For me, there’s also a deeper anchoring in values and calling: why I’m here, what kind of presence I want to be, and how I hope people experience me—regardless of position or season. That anchor has room for the contributions of those who came before and those serving alongside me now; it’s not about replacing anyone’s story but joining it.

A collaborative note to myself and to us

If I could speak to my future self—and to anyone else stepping into a role with a long history—I’d say:

You’re walking into a story that started long before you and will continue long after you. That’s a gift. The fact that you sometimes feel things personally means you care. The fact that others sometimes feel things strongly means they care too.
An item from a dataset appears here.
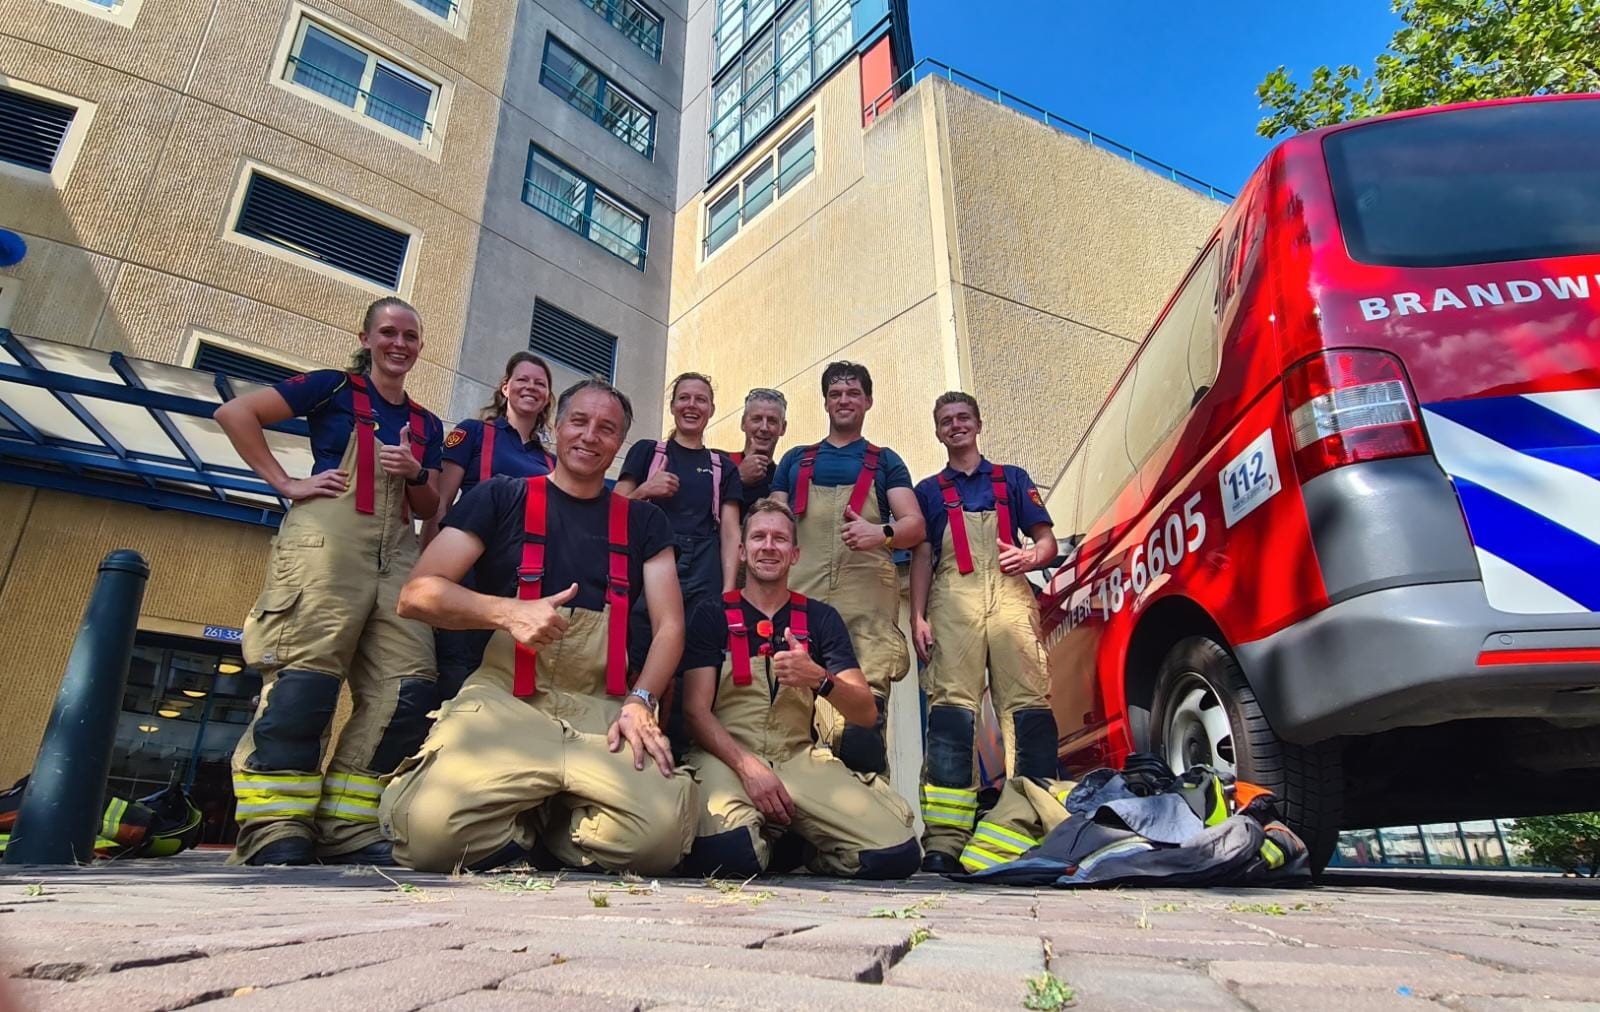 Brandweercollega’s beklimmen flatgebouw voor goede doel

We don’t need to erase what came before or apologize for being here now. We’re part of the same unfolding work. Our invitation is to:

  • Listen to feedback as a window into our shared reality.
  • Honor the efforts and sacrifices that got us here.
  • Hold our identity and each other with enough kindness that no single conversation has to define anyone.

My hope is that, together, we can keep growing into a culture where it’s safe to tell the truth, safe to feel strongly, and safe to keep learning—without turning our honest experiences into accusations against ourselves or each other.